Template in C++ with raw type

Question

In Java, we can do something like this:

ArrayList arrayList = new ArrayList<String>(); 
// Notice that String is not mentioned in the first declaration of array

AS OPPOSED TO

ArrayList<String> arrayList = new ArrayList<String>(); 

How can we something in similar in C++?

Answer 1

Not in exactly the way you've written.

What you can do is one of the following, depending on what you're actually trying to accomplish:

• In C++11, you can use auto to automatically adapt to the type: auto = new ArrayList<String>(); . This doesn't give you polymorphism, but it does save you typing the typename on the left hand side.
• If you want polymorphism, you can add a level to your class hierarchy, and make the left-hand side point to a parent class.

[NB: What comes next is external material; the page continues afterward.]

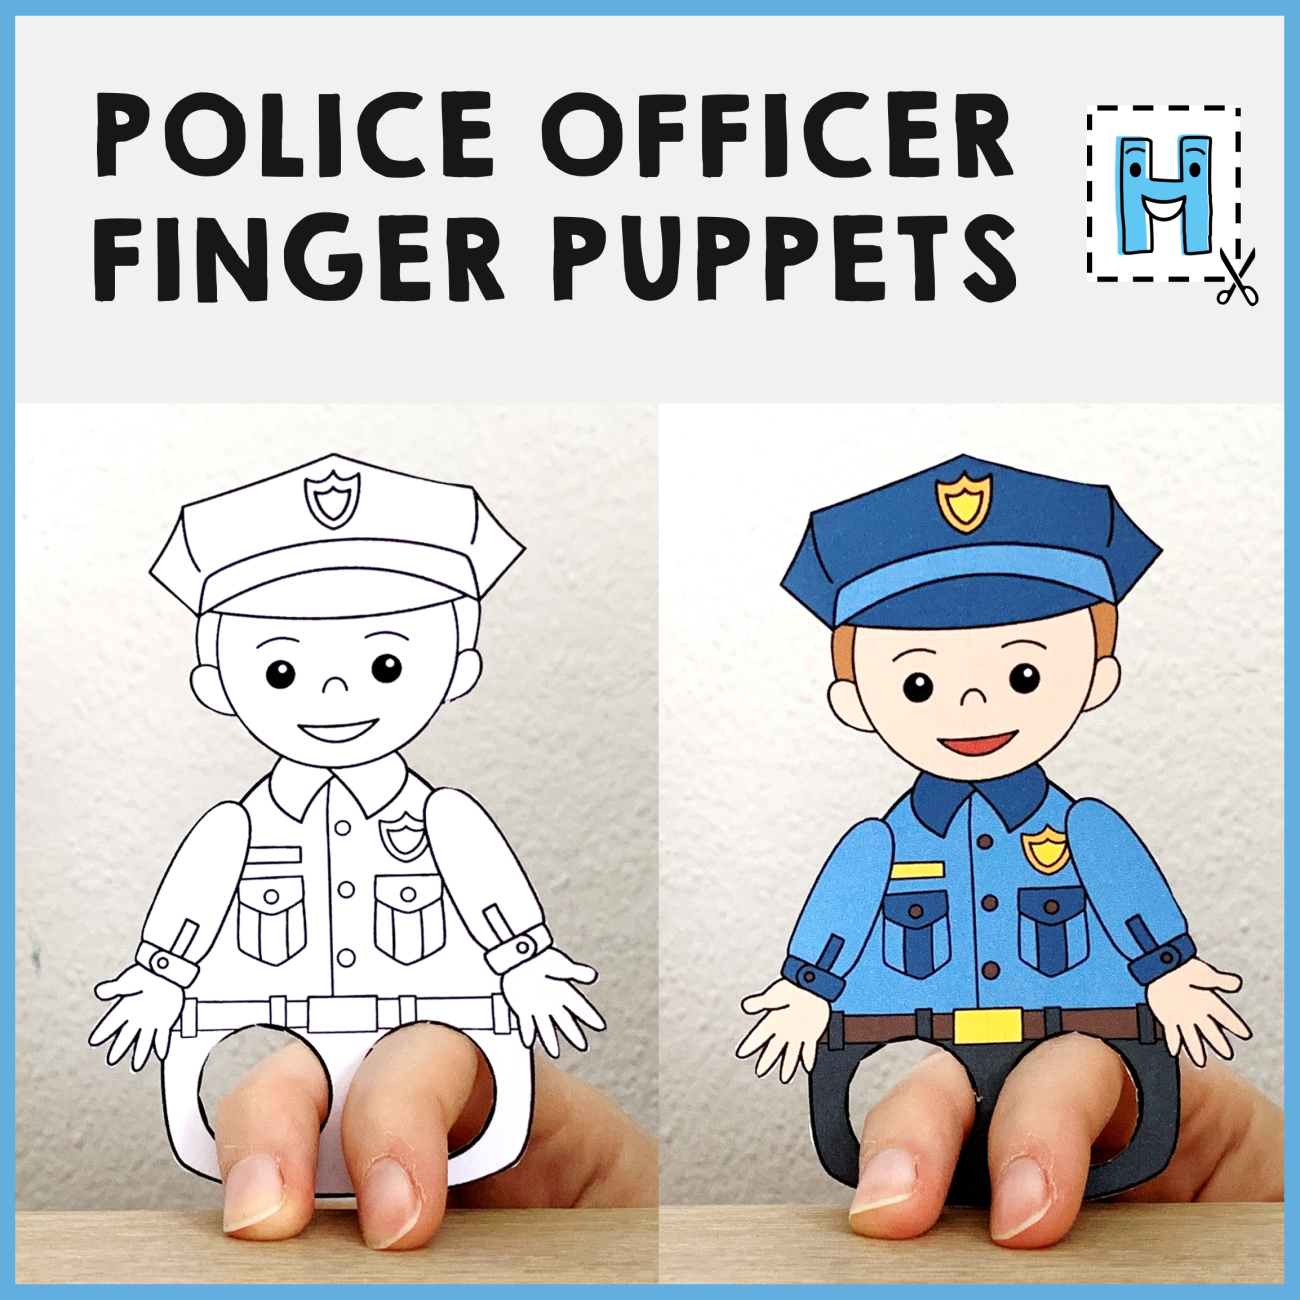 Police officer finger puppet printable career day coloring paper craft activity made by teachers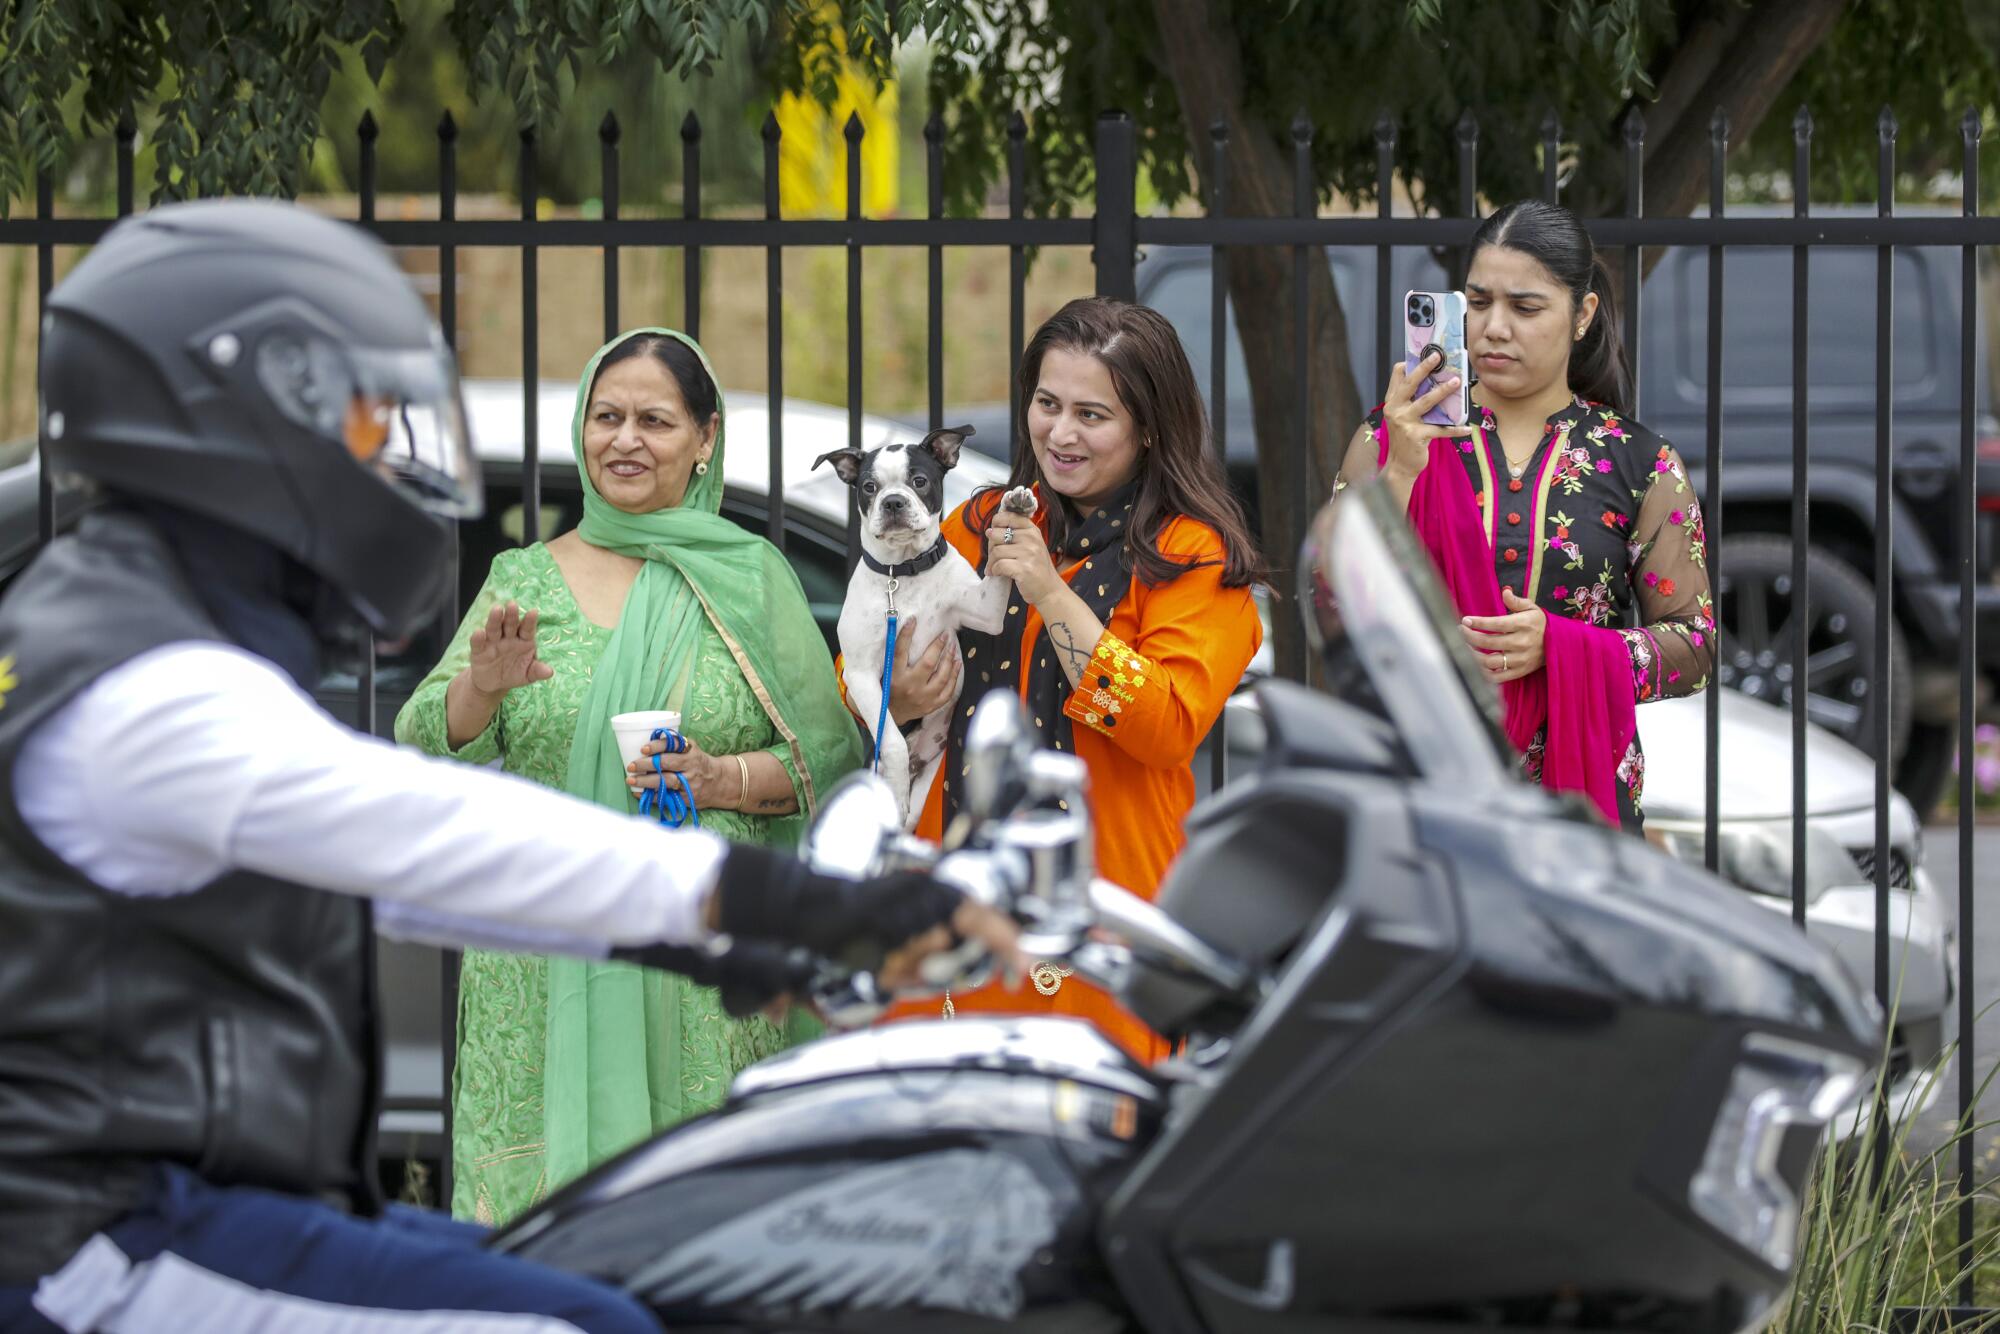 Family members say goodbye to riders of the Sikh Motorcycle Club USA

Here's an example of the second approach:

class IArrayList   // define a pure virtual ArrayList interface
{
     // put your interface pure virtual method declarations here
};

template <typename T>
class ArrayList : public IArrayList
{
     // put your concrete implementation here
};

Then, you could say in your code:

IArrayList* arrayList1 = new ArrayList<string>();
IArrayList* arrayList2 = new ArrayList<double>();

...and so on.

Answer 2

在c ++中，不能使用vector array = new vector<string>() ，但是在c ++ 11中，可以使用auto关键字： auto p = new vector<string>() ，它与vector<string> *p = new vector<string>()相同vector<string> *p = new vector<string>()希望我的回答可以对您有所帮助。